Spinel-structured lithium manganese oxide (LiMn2O4) has attracted much attention because of its high energy density, low cost, and environmental impact. In this article, structural analysis methods such as powder neutron diffraction (PND), X-ray diffraction (XRD), and high-resolution transmission and scanning electron microscopies (TEM & SEM) reveal the capacity fading mechanism of LiMn2O4 as it relates to the mechanical degradation of the material. Micro-fractures form after the first charge (to 4.45 V vs. Li(+/0)) of a commercial lithium manganese oxide phase, best represented by the formula LiMn2O3.88. Diffraction methods show that the grain size decreases and multiple phases form after 850 electrochemical cycles at 0.2 C current.

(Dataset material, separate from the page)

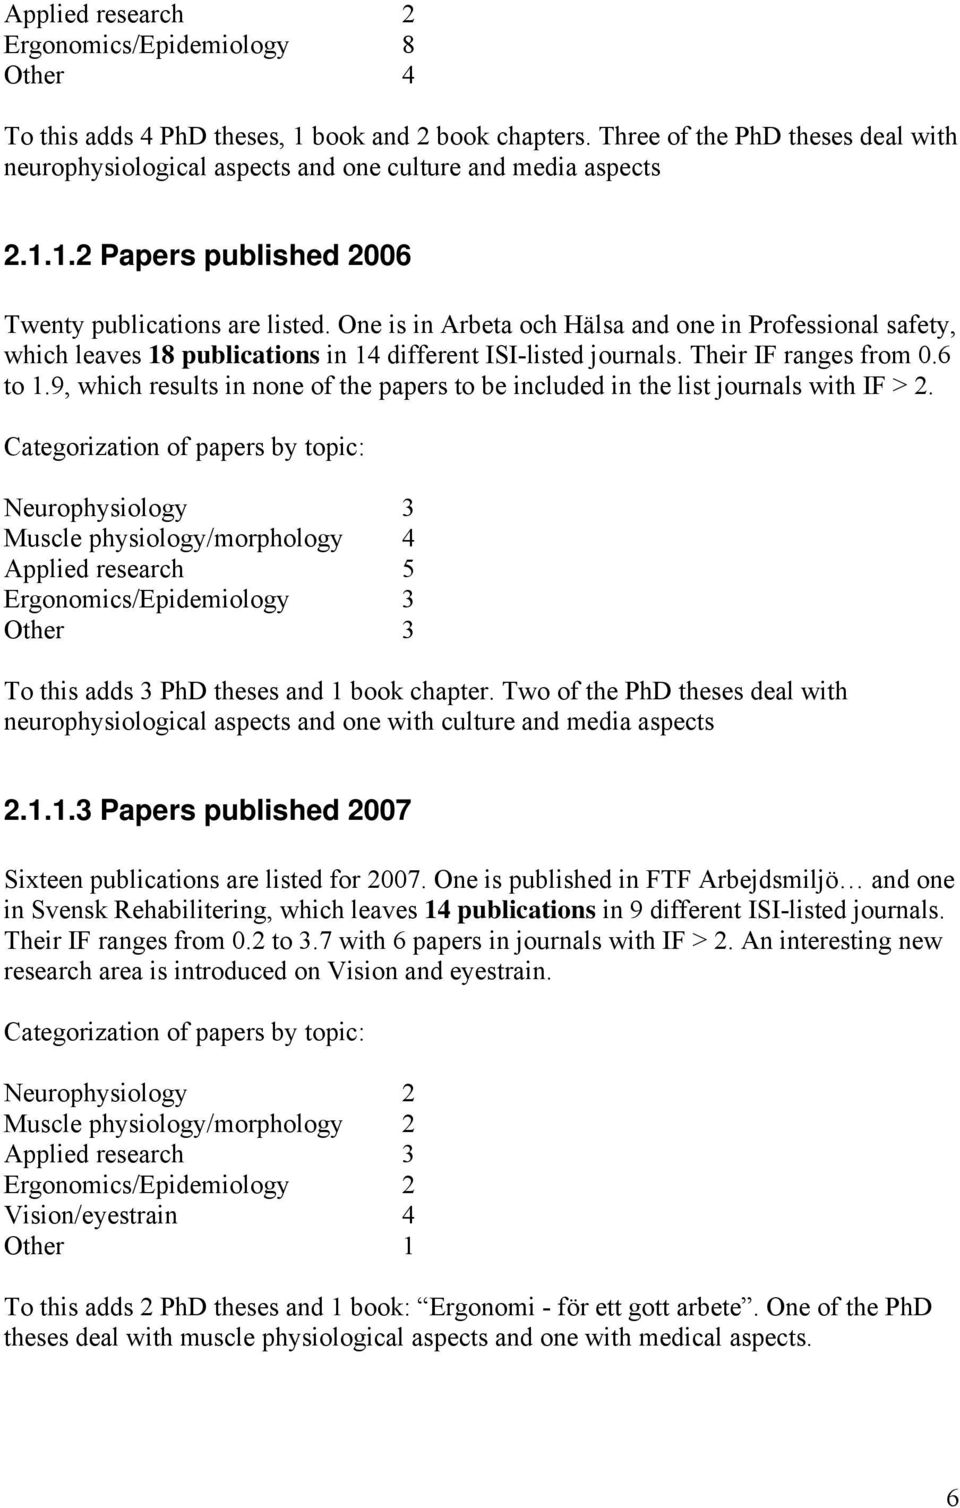 One is in Arbeta och Hälsa and one in Professional safety, which leaves 18 publications in 14 different ISI-listed journals. Their IF ranges from 0.6 to 1.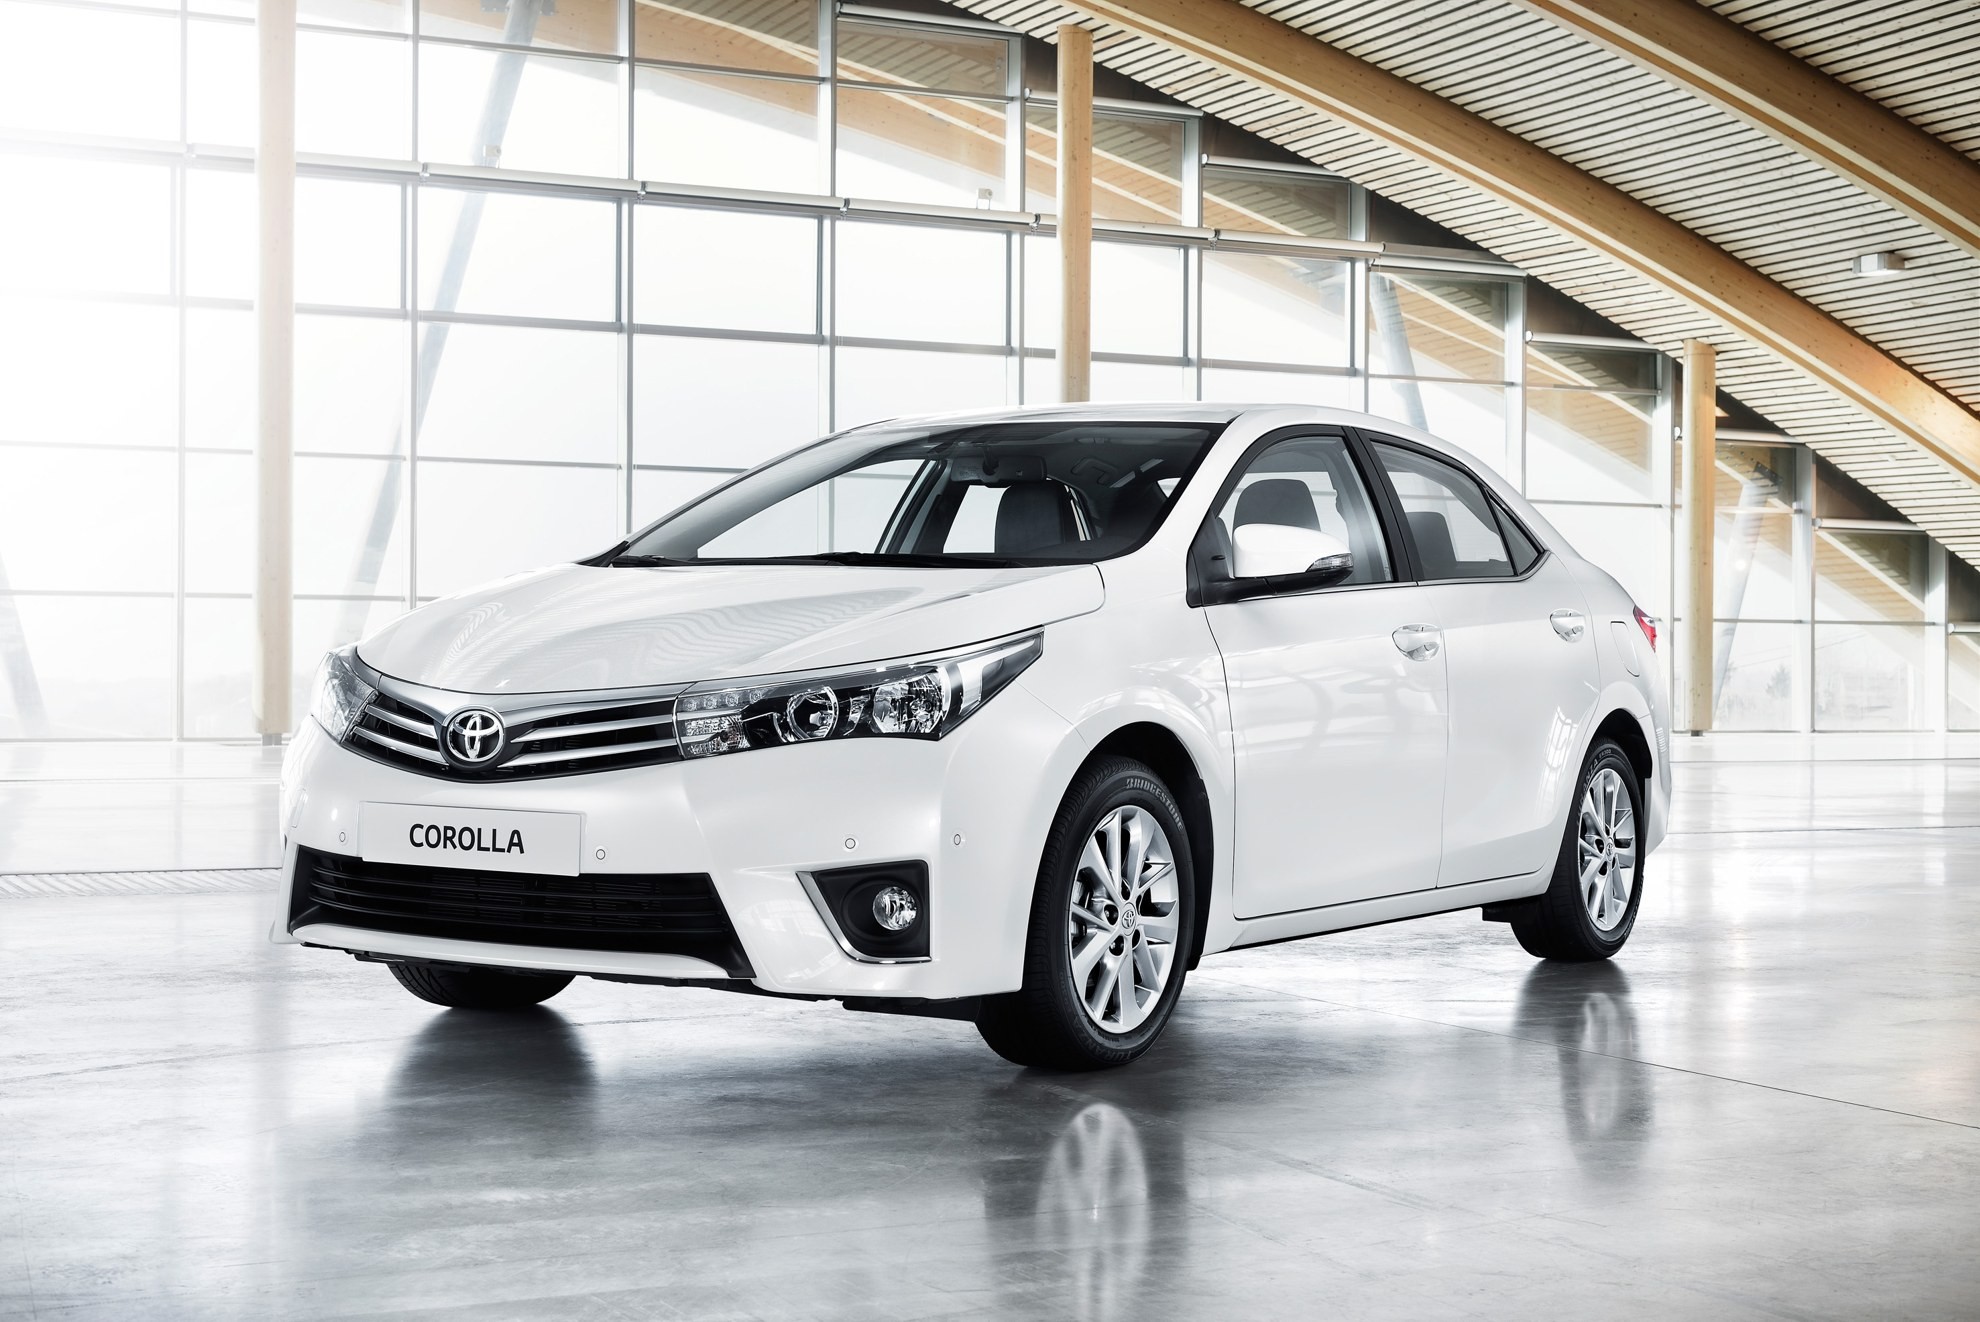 Toyota South Africa Car Sales August 2013

The microfractures are directly observed through microscopy studies as particle cracks propagate along the (1 1 1) planes, with clear lattice twisting observed along this direction. Long-term galvanostatic cycling results in increased charge-transfer resistance and capacity loss. Upon preparing samples with controlled oxygen contents, LiMn2O4.03 and LiMn2O3.87, the mechanical failure of the lithium manganese oxide can be correlated to the oxygen vacancies in the materials, providing guidance for better synthesis methods.